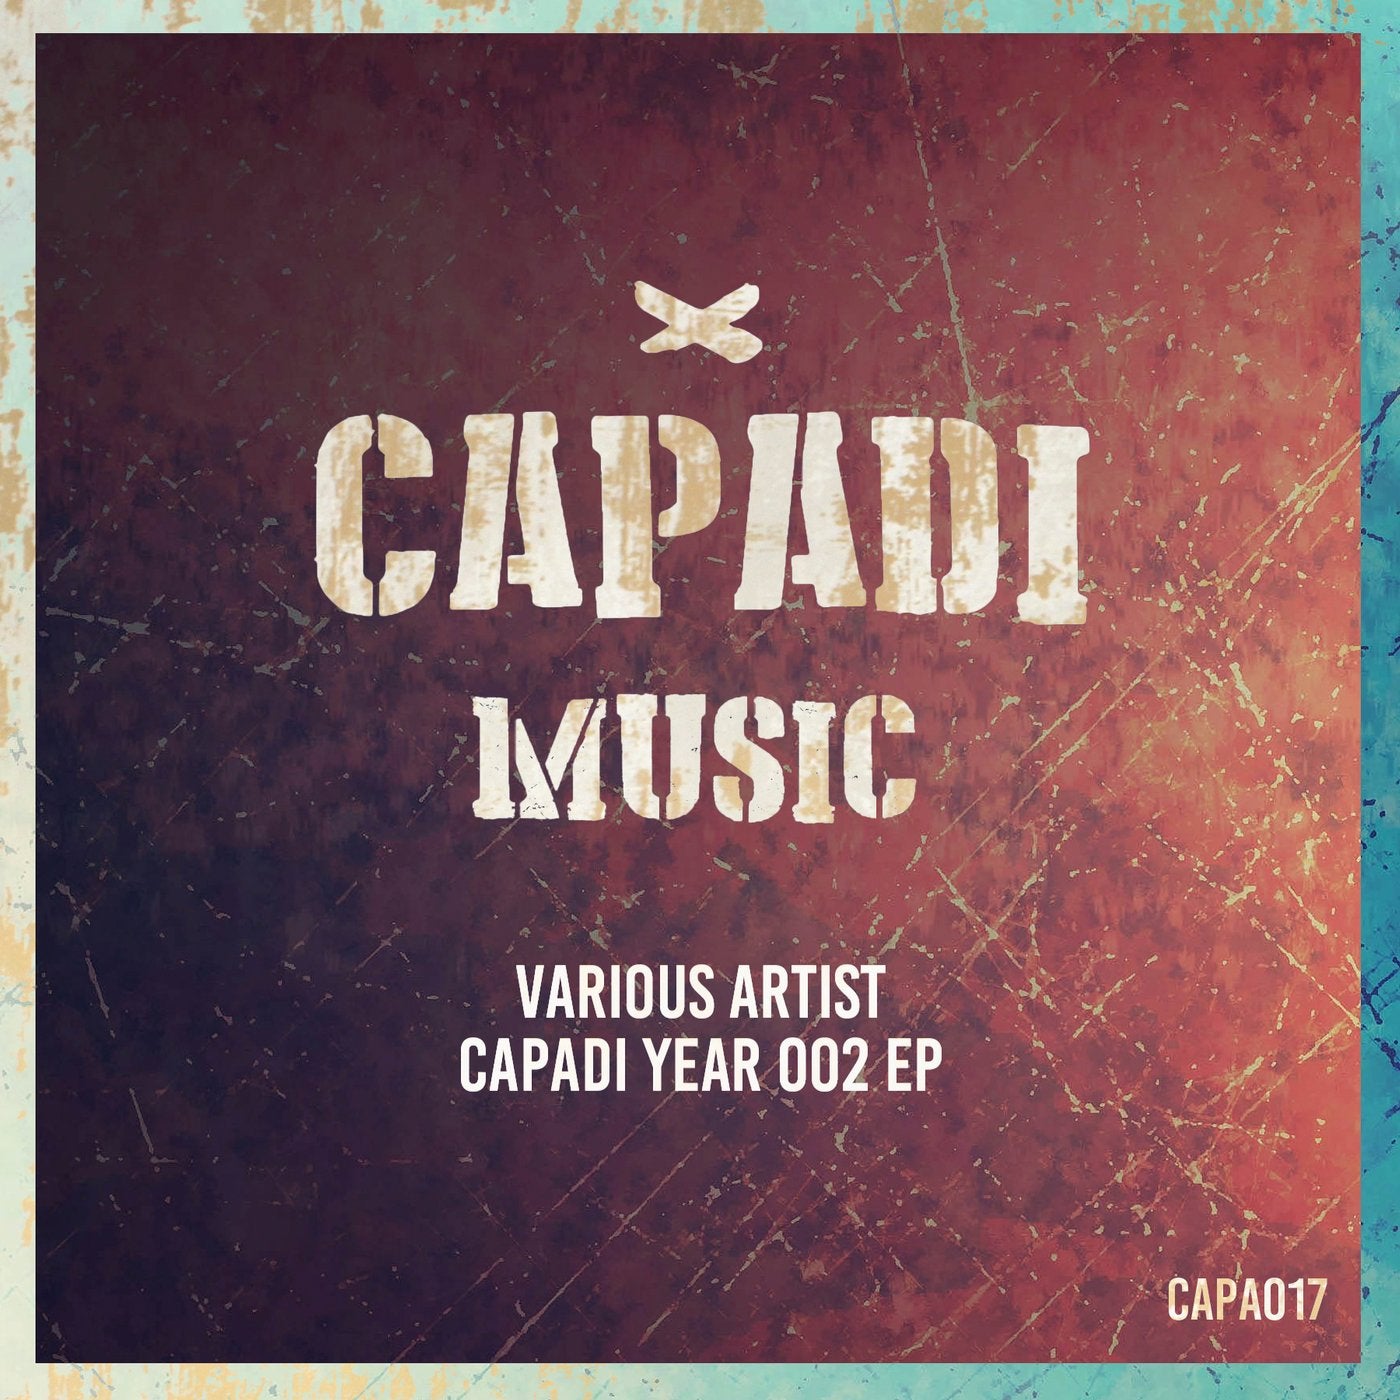 Capadi Year 002 EP
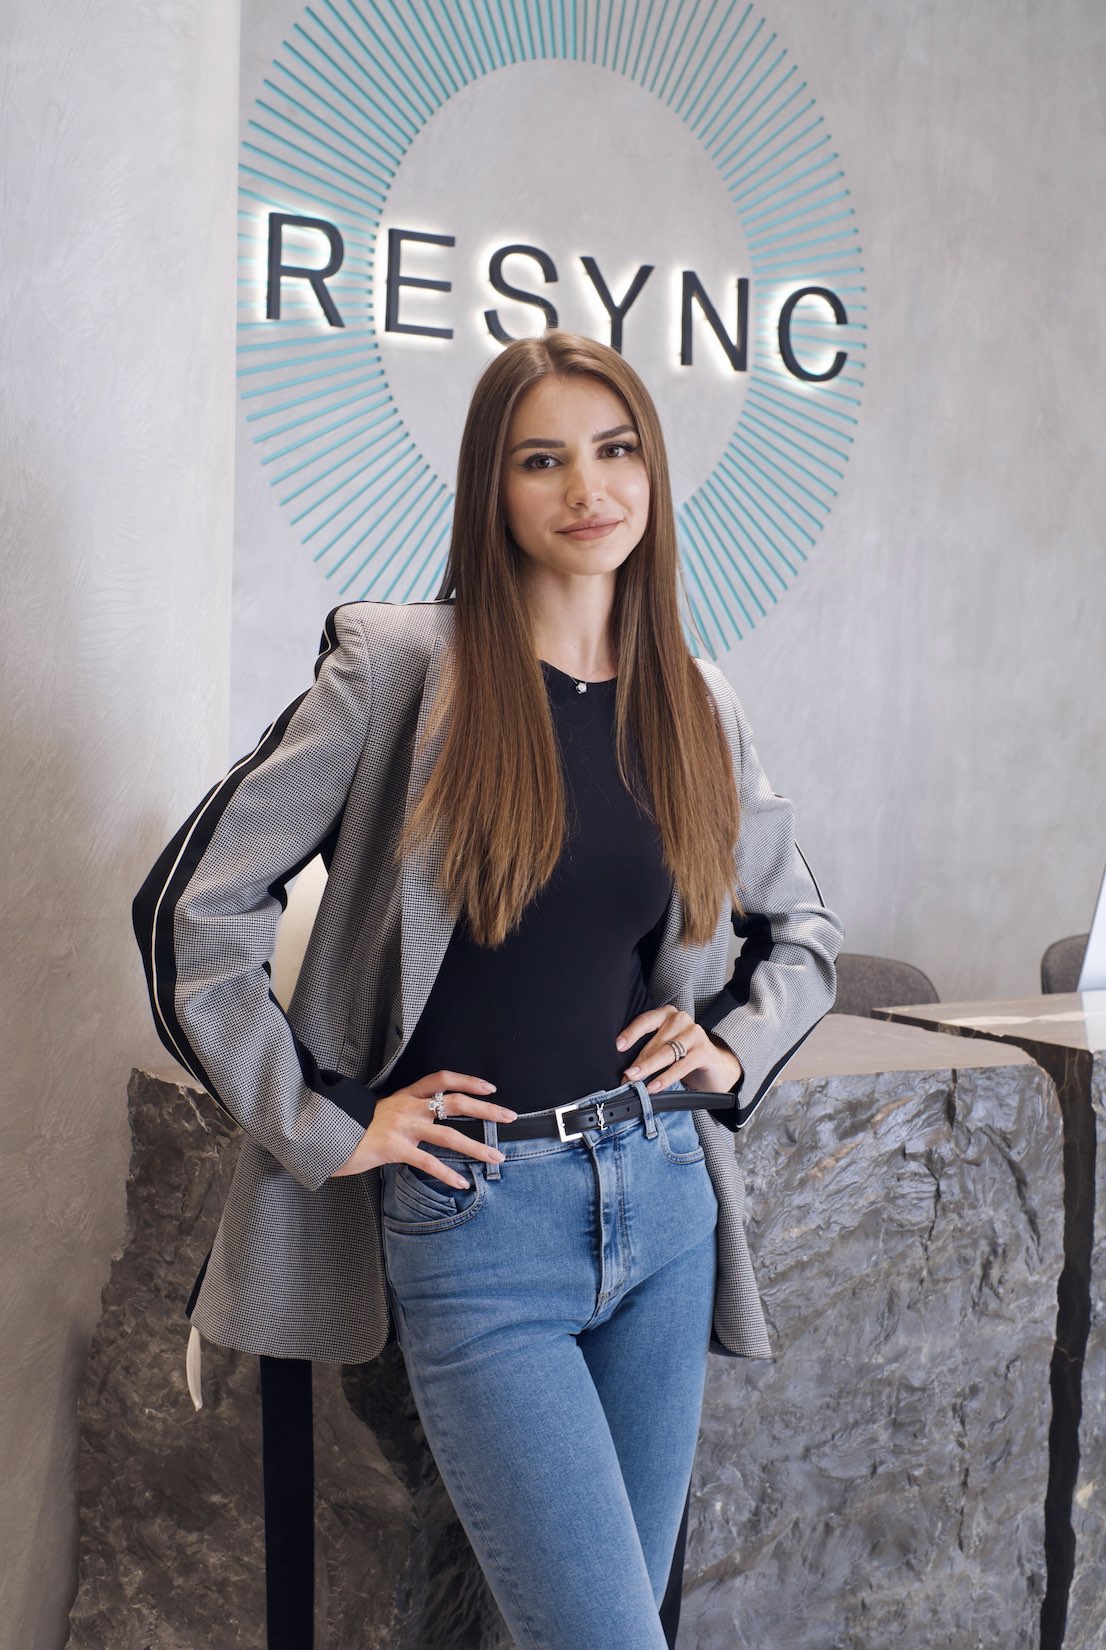 Jenya melay, founder and ceo of resync
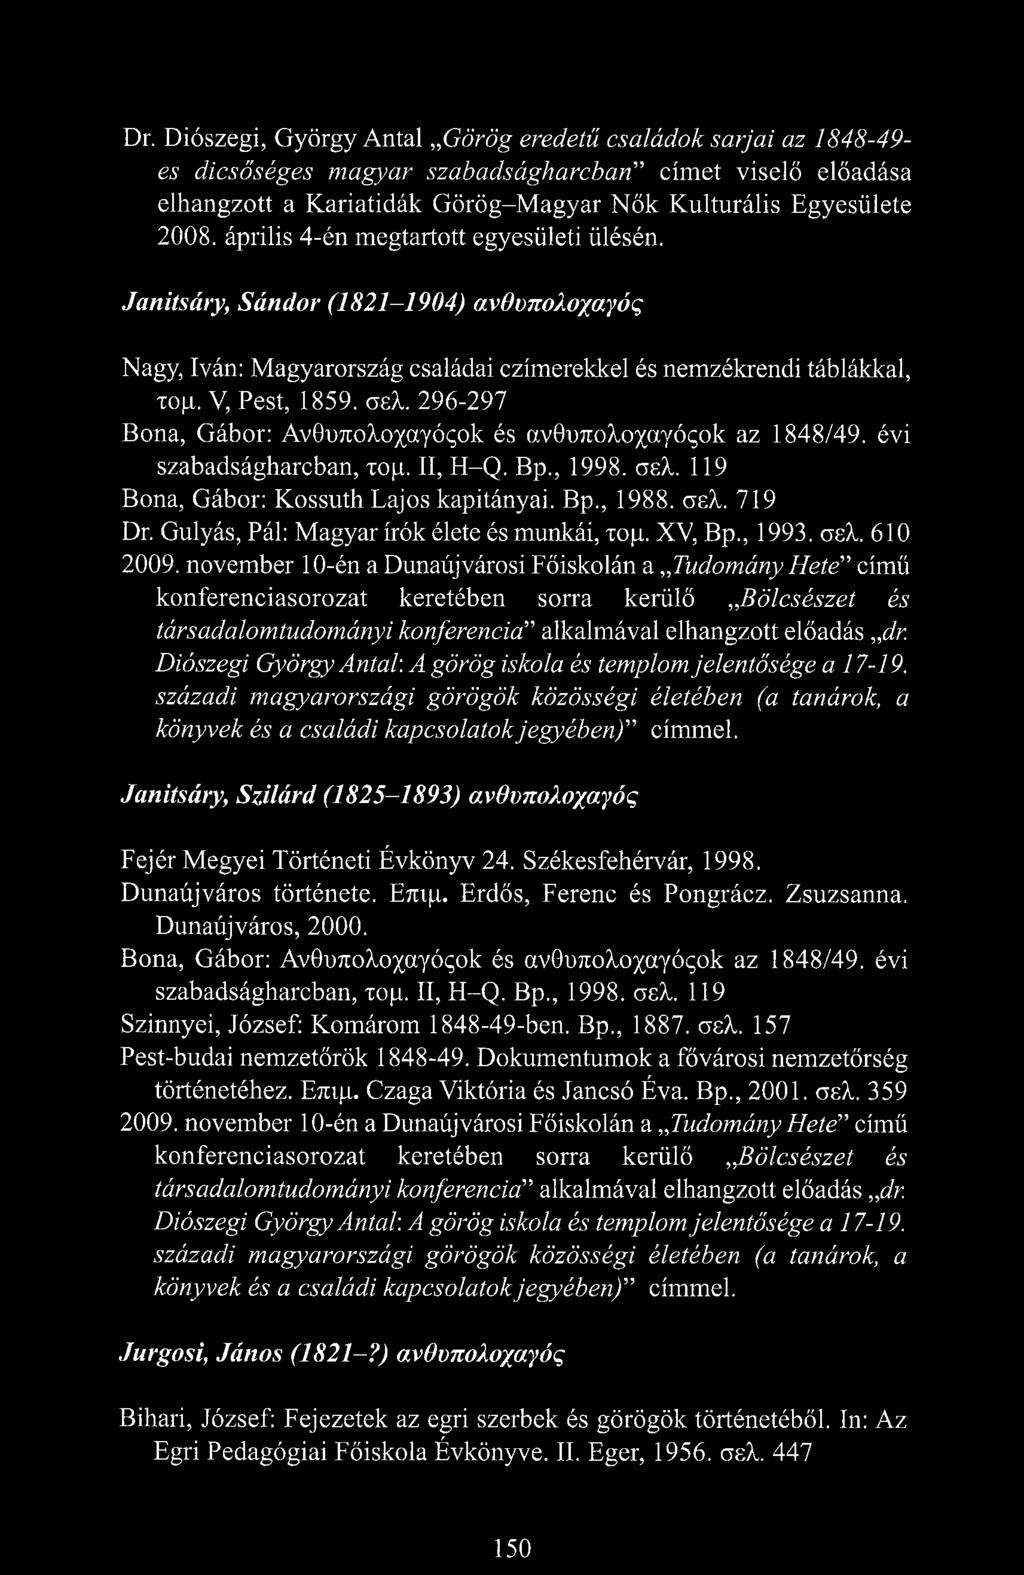 296-297 Bona, Gábor: ΑνθυπολοχαγόςοΕ és ανθυπολοχαγόςοε az 1848/49. évi szabadságharcban, τομ. II, H-Q. Bp., 1998. σελ. 119 Bona, Gábor: Kossuth Lajos kapitányai. Bp., 1988. σελ. 719 Dr.

ACTIVITY ▸ Reproduce the data above exactly, leaving out any picture in it.

WRITTEN RESPONSE ▸
 Capadi Year 002 EP
 Jenya melay, founder and ceo of resync
 296-297 Bona, Gábor: ΑνθυπολοχαγόςοΕ és ανθυπολοχαγόςοε az 1848/49. évi szabadságharcban, τομ. II, H-Q. Bp., 1998. σελ. 119 Bona, Gábor: Kossuth Lajos kapitányai. Bp., 1988. σελ. 719 Dr.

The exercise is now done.